Nella top ten delle convinzioni comuni più gettonate sulla presunta 'natura' del bimbo piccolo (spesso dipinto come un mostriciattolo che tiranneggia in ogni modo l'adulto) si piazza in una buona posizione l'idea che sia 'furbetto'. Bugiardo, insomma, già in età prescolare.

'Eheh, sono furbi fin da piccoli, signora mia, bisogna fare attenzione!'

Non c'è da credere ai racconti di un bambino, di sicuro, non dice la verità!'

A ogni genitore sarà capitato, almeno una volta, di essere messo in guardia da una flotta di 'esperti' - parenti, vicini di casa, nonne, zii, signore con figli – sulla (perniciosa!) tendenza a mentire dei più piccoli.

Ma allora, i bambini raccontano davvero (intenzionalmente) un mare di bugie?

In realtà, non è giusto definire 'bugie' i racconti dei bimbi in questa fascia d'età perché non sono animati dalla volontà di ingannare, diversamente dall'adulto che dice, invece, una frottola in modo consapevole.

A spiegarlo è Paola Scalari, psicologa, psicoterapeuta, psicosocioanalista e autrice prolifica.
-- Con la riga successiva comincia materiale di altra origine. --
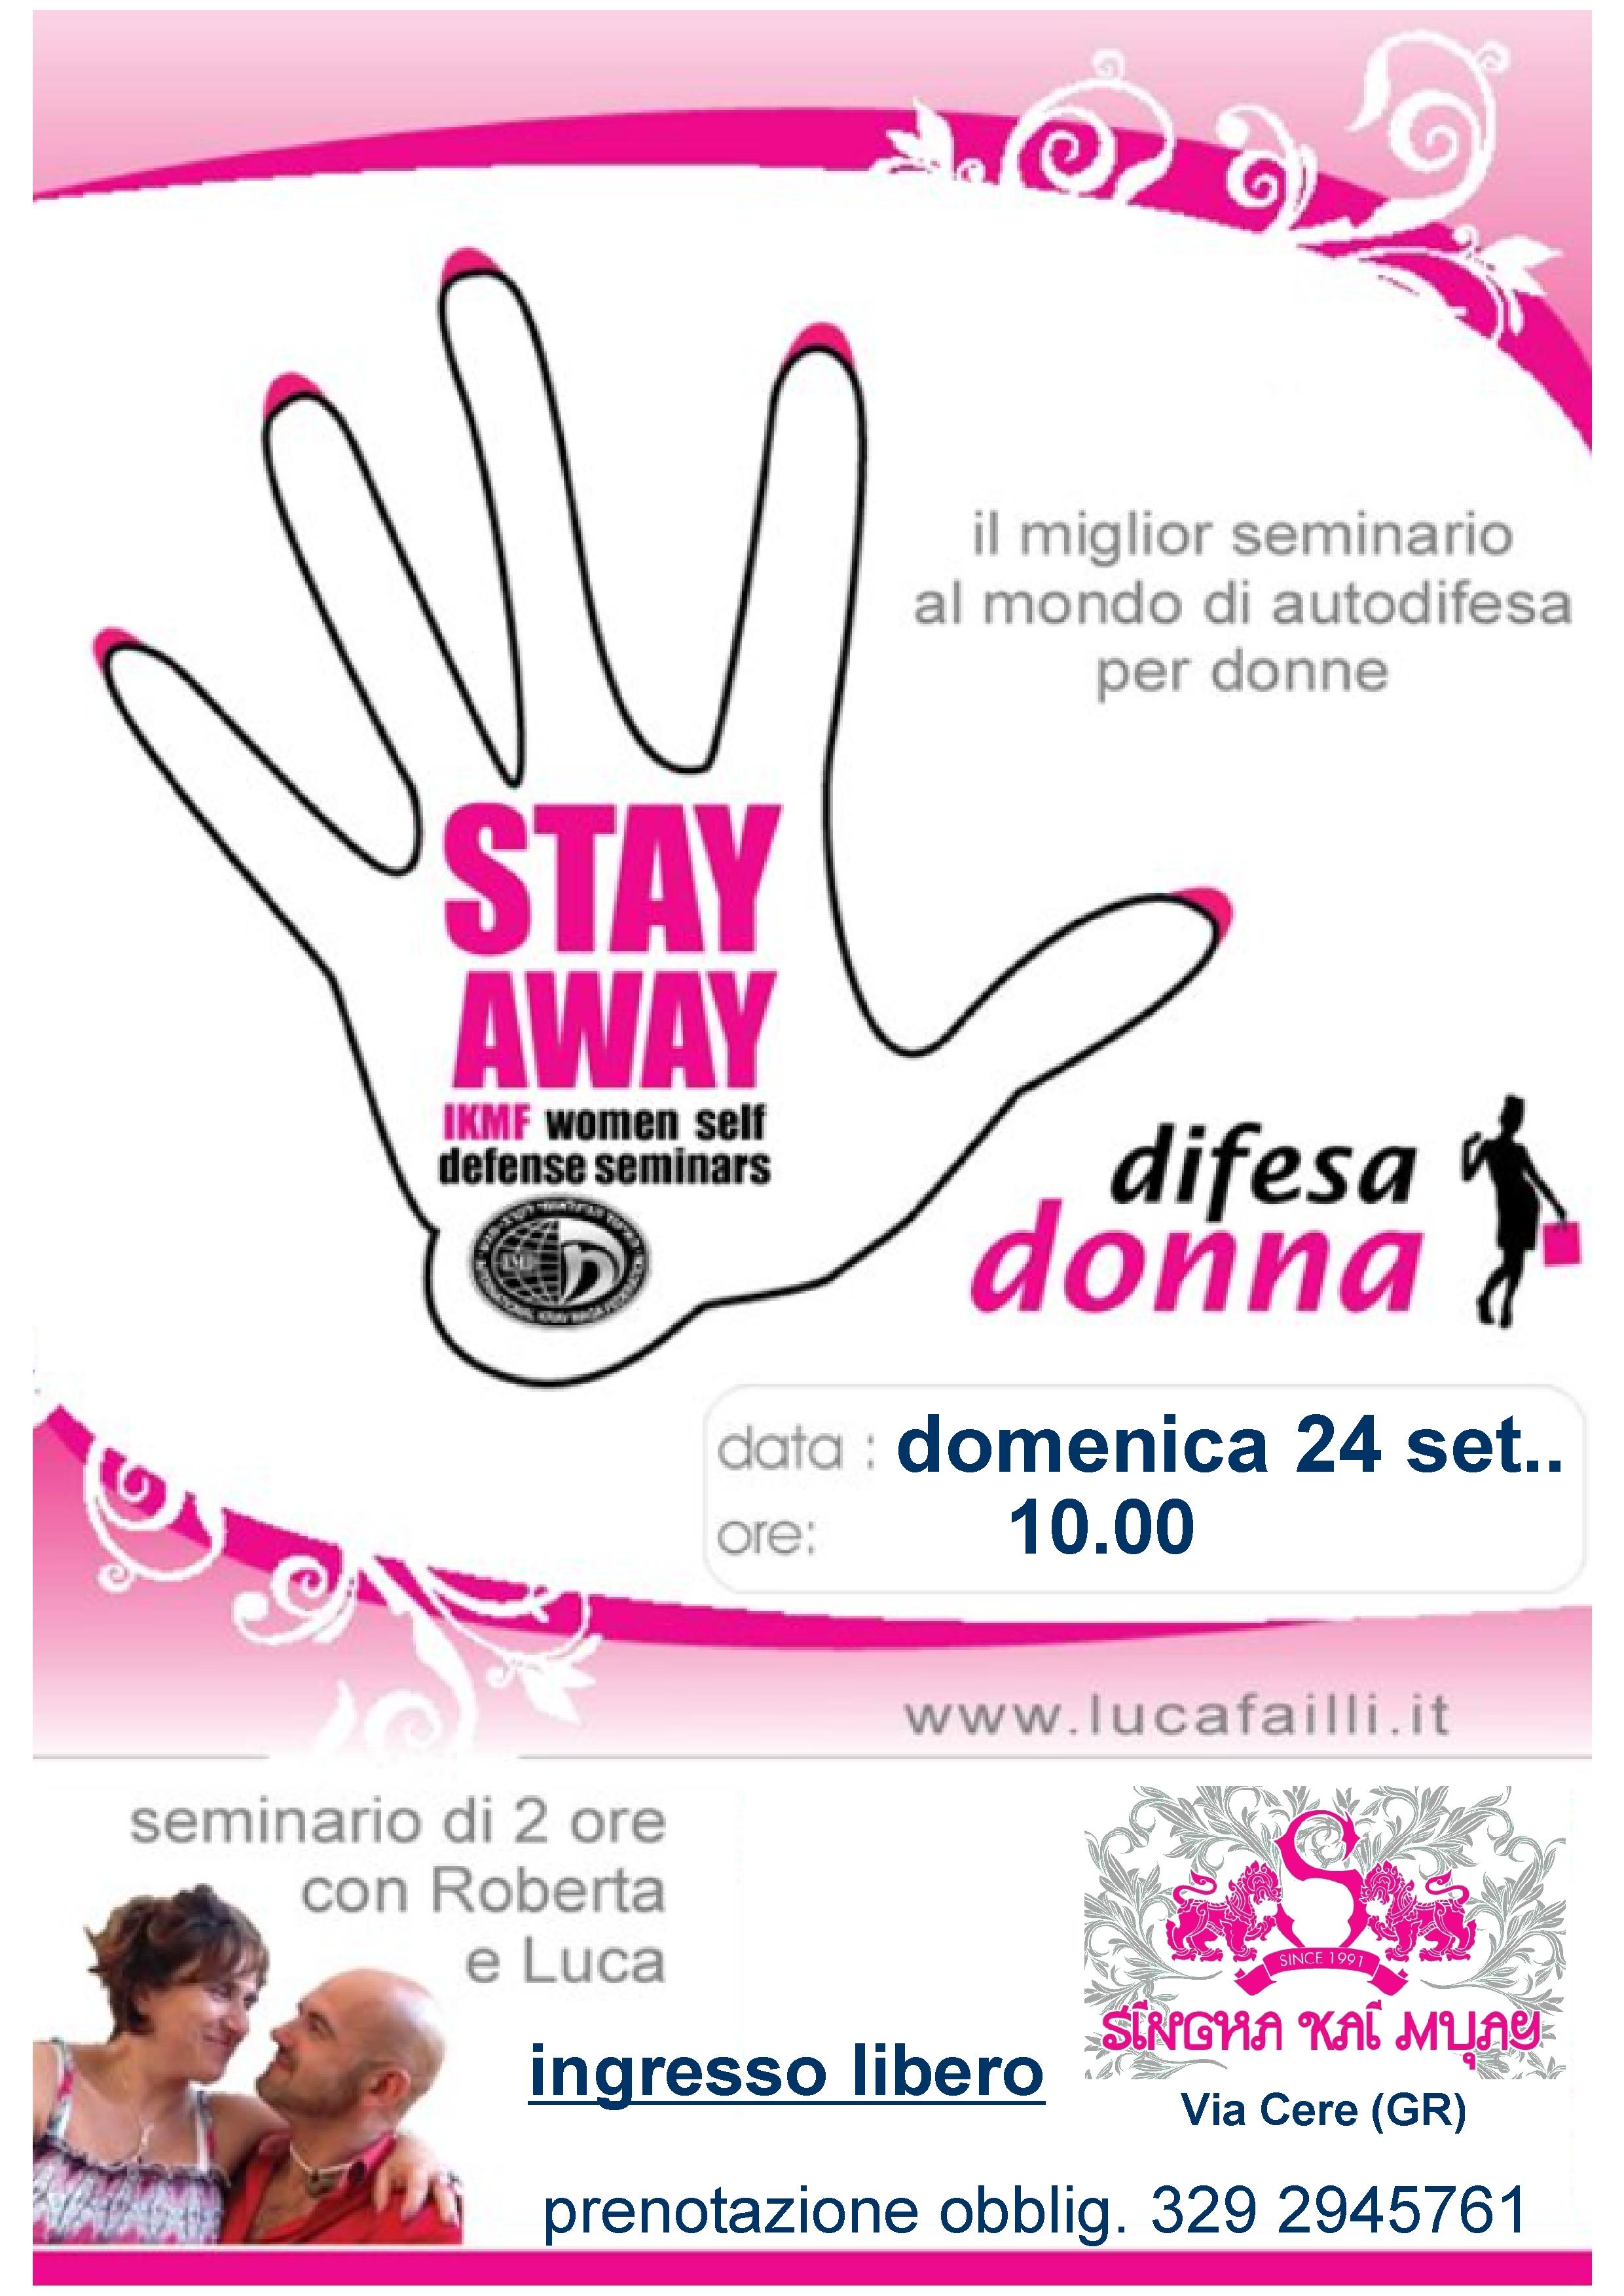 volantino_stay_away_singha_17.jpg

L'ultimo lavoro, con Francesco Berto, è Parola di bambino. Il mondo visto con i suoi occhi, La Meridiana, che approfondisce anche questo tema.

“Di fatto, è più corretto chiamare quello che dicono i bambini 'piccole storie' e non bugie. Il bimbo in età prescolare cerca di passare dalla dipendenza verso il genitore, tipica dei primi anni di vita, a una graduale autonomia anche attraverso il sotterfugio. Raccontare storie dimostra la sua volontà distinta da quella dell'adulto”, dice la psicologa. (Leggi anche: perché i bambini a volte sono spiegati?)

Il mondo dei bimbi è dominato dalla fantasia e senza tempo

Lo stesso episodio, raccontato da un bimbo risulta, spesso, diverso dalla 'versione' che ne darebbe un adulto, ma questo non sottintende il desiderio di ingannare volontariamente l'interlocutore. Occorre anche tenere ben presente che i confini tra realtà e fantasia sono ancora molto labili.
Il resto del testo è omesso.